For the polynomial equation $y = 0$, we can only reach the line $y = 0$ by taking finite sums.
For the polynomial equation $xy = 0$, we can reach anywhere in $\mathbb{C}$ in at most two steps by jumping horizontally and then jumping vertically.
I'm curious where all we can reach by considering finite sums of solutions to $xy = 1$, since the size of the steps we take becomes huge when our direction approaches horizontal or vertical.
Best Answer
As you consider the constraint $xy=1$, the complex numbers at our disposal have the form $z = x+iy = x + \frac{i}{x}$. Now we would like to construct complex numbers $\zeta = a+ib$ from finite sums of the previous ones.
Given that $z$ possesses one parameter $x$, when $\zeta$ has two ($a$ and $b$), let's try what kind of complex numbers can be constructed with the help of two $z$-numbers only : $$ \begin{array}{rcl} \zeta = z_1+z_2 &\Leftrightarrow& a+ib = x_1+x_2+i\left(\frac{1}{x_1}+\frac{1}{x_2}\right) \\ &\Leftrightarrow& \begin{cases} a = x_1+x_2 \\ b = \displaystyle\frac{1}{x_1}+\frac{1}{x_2} \end{cases} \verb+ +\\ &\Leftrightarrow& \begin{cases} x_1 = a-x_1 \\ 0 = bx_2^2-abx_2-a \end{cases} \verb+ +\\ &\Leftrightarrow& \begin{cases} x_1 = a-x_2 \\ x_2 = \displaystyle\frac{ab\pm\sqrt{a^2b^2-4ab}}{2b} \end{cases} \end{array} $$ As $x_2$ should be real, there is no solution when $\Delta := a^2b^2-4ab = (ab-2)^2-4 < 0$; in other words, two $z$-numbers are sufficient to generate any $\zeta = a+ib$ with $(ab-2)^2-4 \ge 0$.
Let's see if adding a third number permits to lift this constraint : $$ \begin{array}{rcl} \zeta = z_1+z_2+z_3 &\Leftrightarrow& a+ib = x_1+x_2+x_3+i\left(\frac{1}{x_1}+\frac{1}{x_2}+\frac{1}{x_3}\right) \\ &\Leftrightarrow& \begin{cases} a = x_1+x_2+x_3 \\ b = \displaystyle\frac{1}{x_1}+\frac{1}{x_2}+\frac{1}{x_3} \end{cases} \verb+ +\\ &\Leftrightarrow& \begin{cases} x_1 = t \\ x_2 = a-t-x_3 \\ 0 = (1-bt)x_3^2-(1-bt)(a-t)x_3-t(a-t) \end{cases} \end{array} $$ with $t$ a free parameter.
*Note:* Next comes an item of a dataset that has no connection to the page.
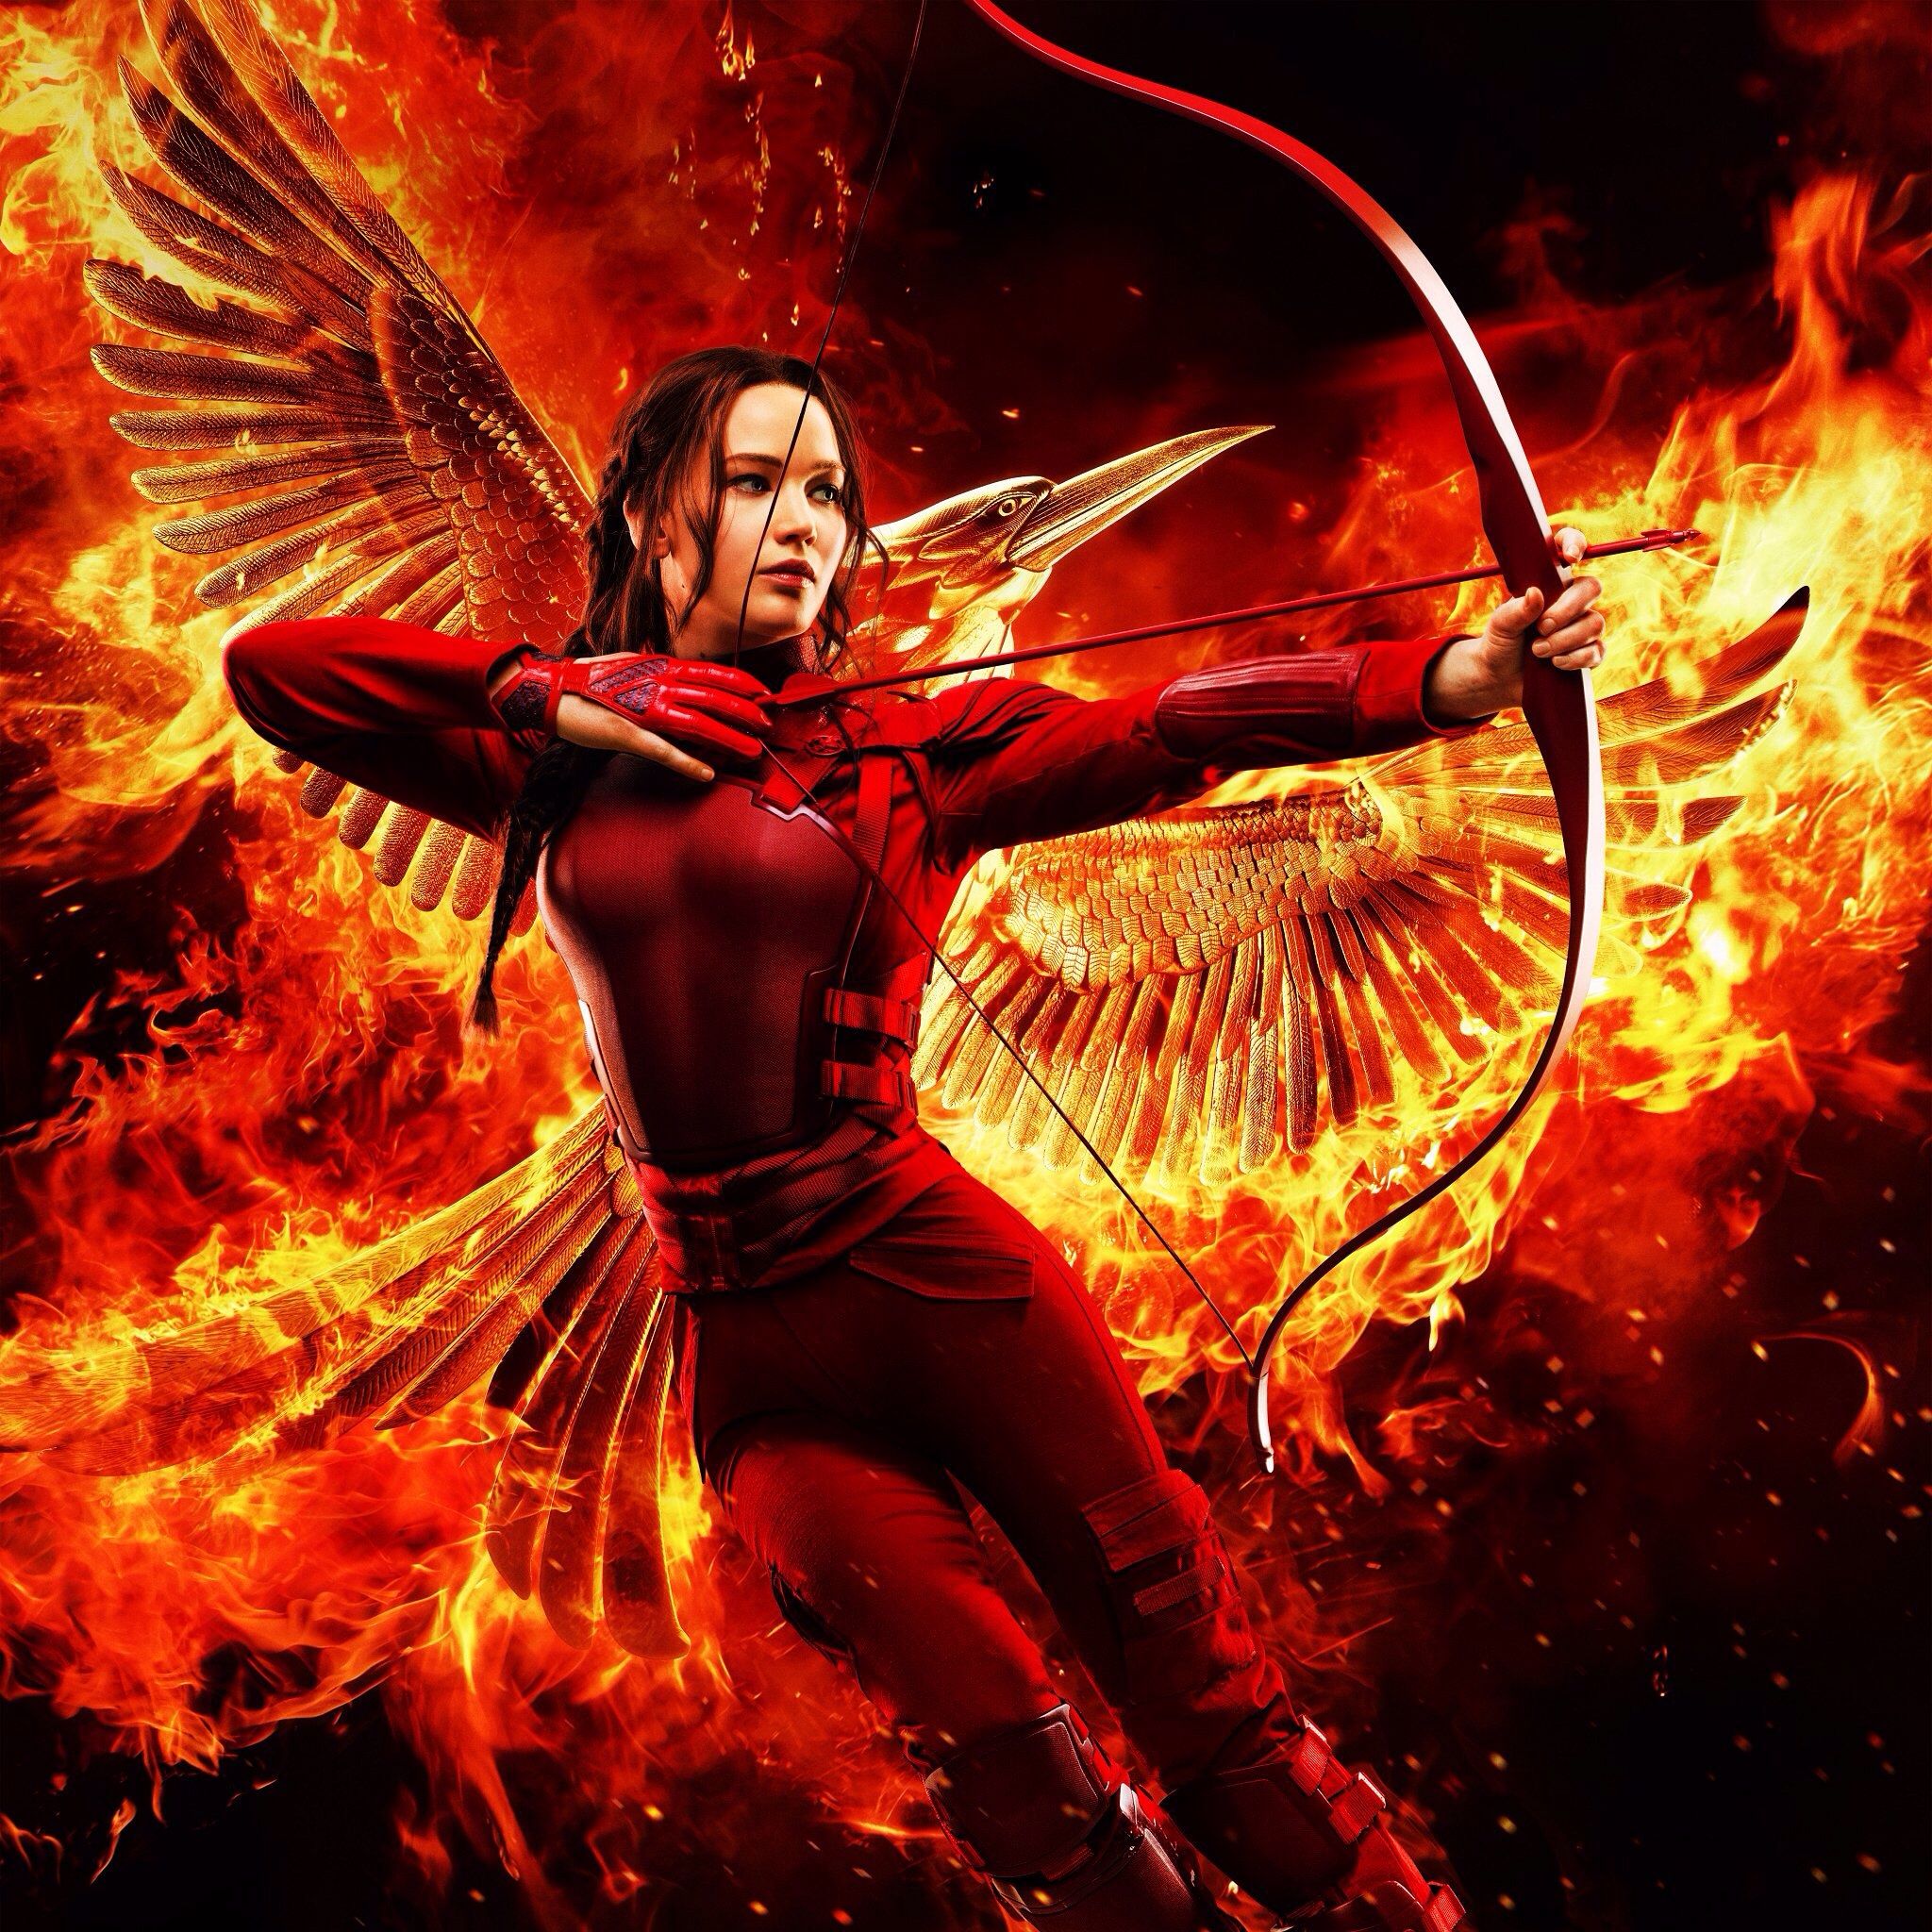 Katniss Everdeen hunger games wallpaper

Then, in the same way as before, $x_3$ is real only in the cases where $\Delta := (1-bt)^2+4(a-t) \ge 0$; this condition can be always satisfied, since $t$ is arbitrary.
In conclusion, you need at most three terms in your sum and spend a Happy New Year !